We use Drizzle ORM for schema definition:

```typescript
// v1/shared/db/schema.ts
export const bindings = sqliteTable('bindings', {
  id: text('id').primaryKey(),
  spaceId: text('space_id').notNull().references(() => spaces.id),
  slug: text('slug'),
  name: text('name').notNull(),
  currentVersion: integer('current_version').default(0),
  createdAt: integer('created_at').notNull(),
  updatedAt: integer('updated_at').notNull(),
})
```

But migrations are generated as SQL files and reviewed before application:

```bash
# Generate migration SQL
npx drizzle-kit generate

# Review the generated SQL
cat drizzle/0008_add_invitations.sql

# Apply to production
npx wrangler d1 migrations apply bindly-db --remote
```

The review step matters. We've caught Drizzle generating unexpected destructive SQL when column names were similar. Seeing the SQL before running it takes ten seconds and has saved us from at least one bad migration.

## Migration discipline: additive-only in production

| Operation | Safety |
| --------- | ------ |
| `ADD COLUMN` with `DEFAULT` or nullable | Safe |
| `CREATE TABLE` | Safe |
| `CREATE INDEX` | Safe |
| `DROP COLUMN` | Unsafe without deploy planning |
| `ALTER COLUMN` type changes | Never (SQLite doesn't support them anyway) |

The deploy order:

1. Run D1 migration (add new column/table)
2. Deploy Worker (code that uses the new column/table)
3. Later, separate migration: remove old column if needed

This means the Worker never tries to use a column that doesn't exist, and old columns are only dropped after we're certain nothing references them.
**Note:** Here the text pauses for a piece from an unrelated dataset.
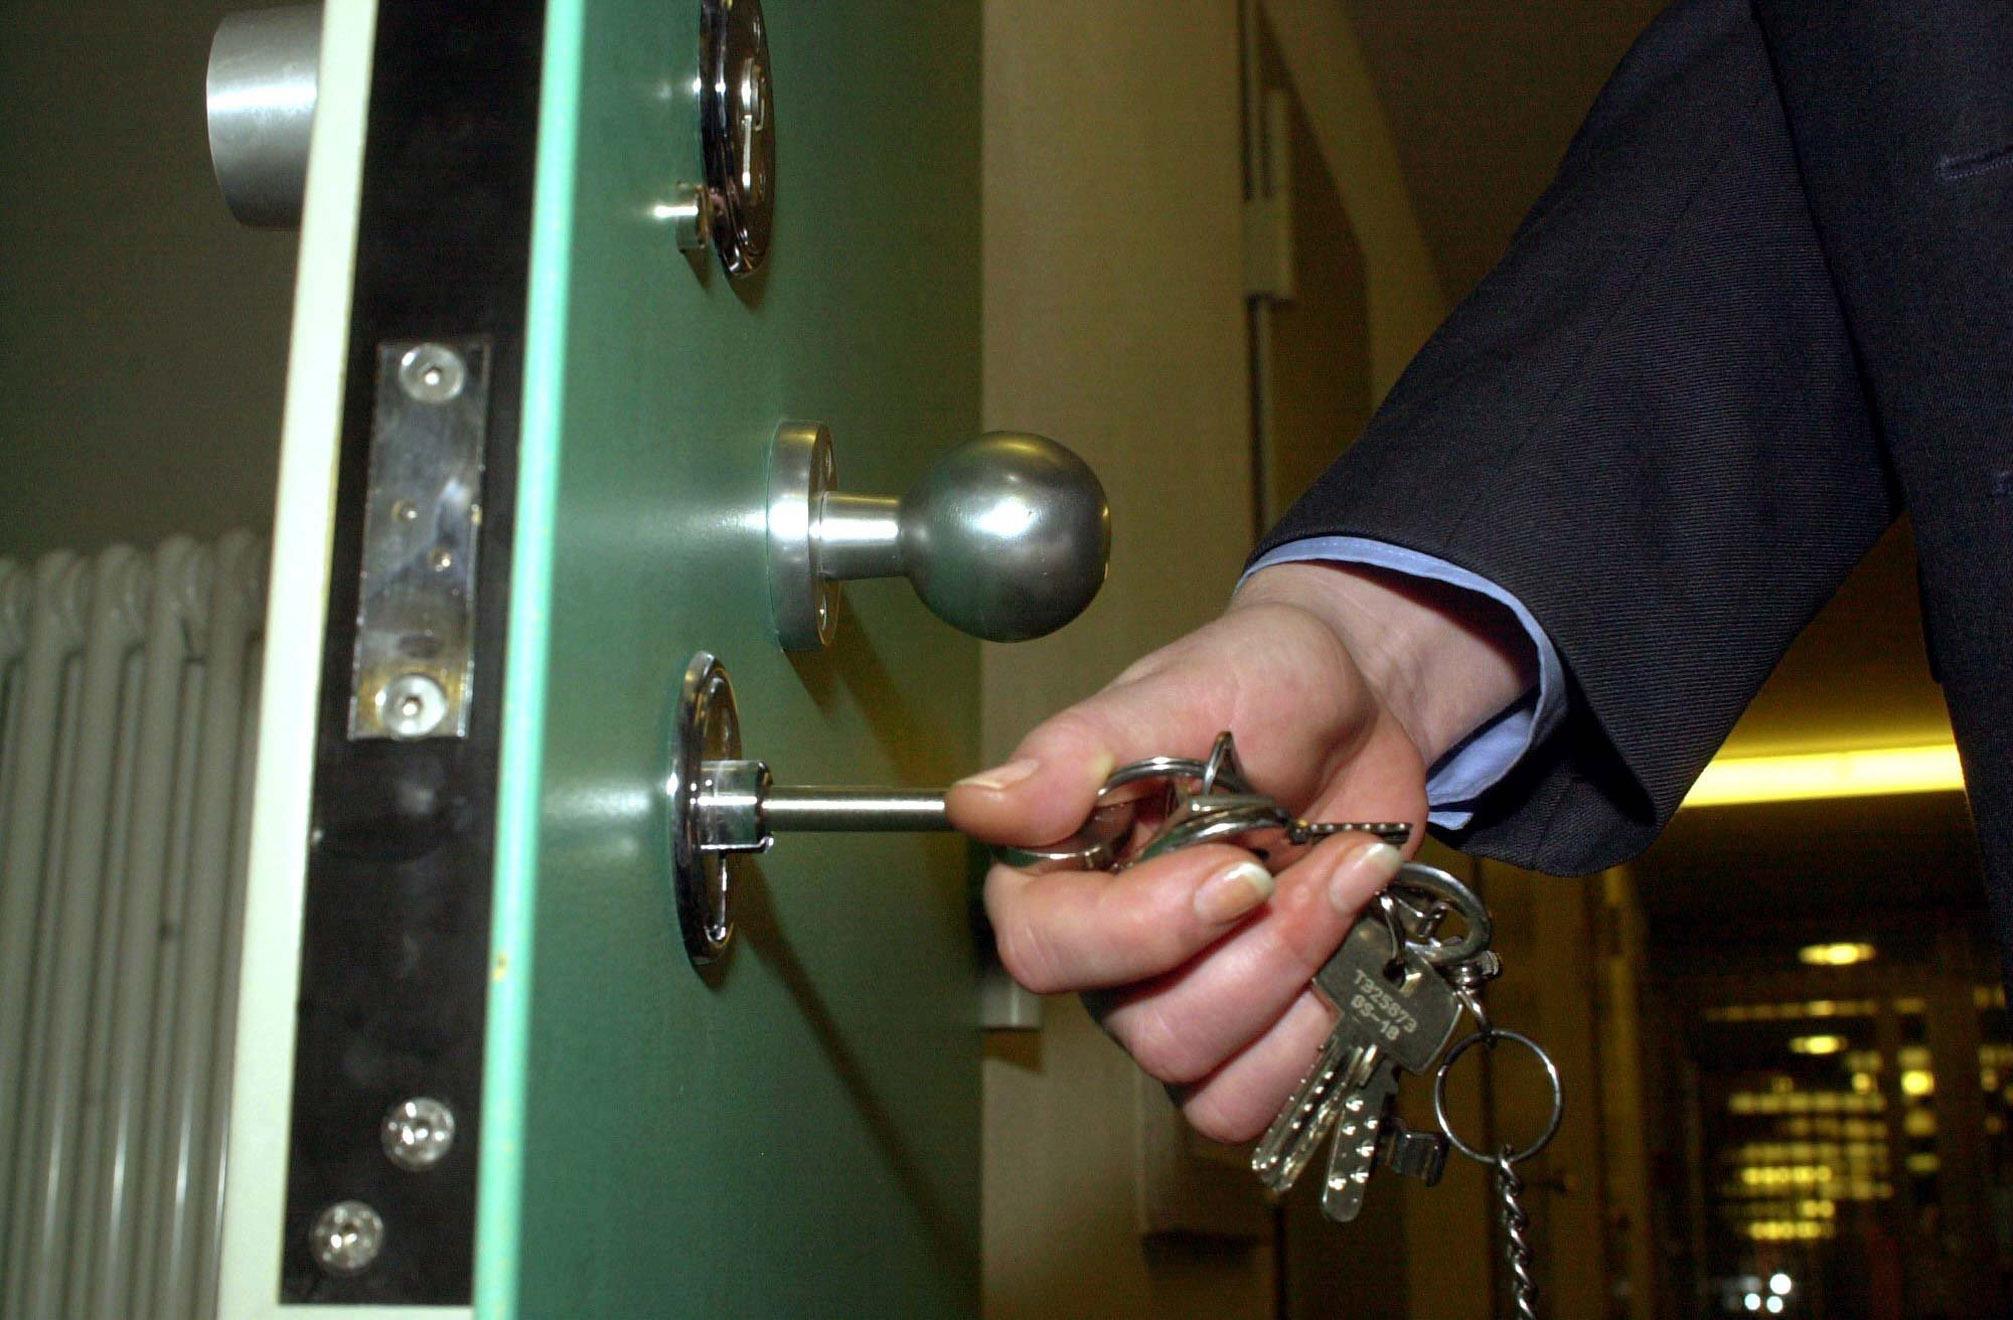 An officer closes a prison door

## What SQLite constraints mean for Bindly

| Constraint | Impact | Our approach |
| ---------- | ------ | ------------ |
| No `ALTER COLUMN` | Can't change column type | Design types correctly upfront |
| `INTEGER` is flexible | Stores any integer size | Used for booleans (0/1), timestamps, counts |
| No `BOOLEAN` type | Use INTEGER 0/1 | `is_public`, `is_verified`, `is_expired` |
| No `ARRAY` type | Use JSON strings | `key_points TEXT` stores `'["point1","point2"]'` |
| Single writer | No concurrent writes | Atomic increments, batch reads |
| `ON DELETE CASCADE` | Supported | Used for space → bindings → versions |

JSON storage for arrays (`key_points`, `entities`, `permissions`) is parsed in application code:

```typescript
const keyPoints = JSON.parse(row.key_points ?? '[]') as string[]
```

Not elegant, but reliable. SQLite's `json_extract()` can query JSON columns if needed — we've used it for permission checks on space API keys without having to deserialize in application code.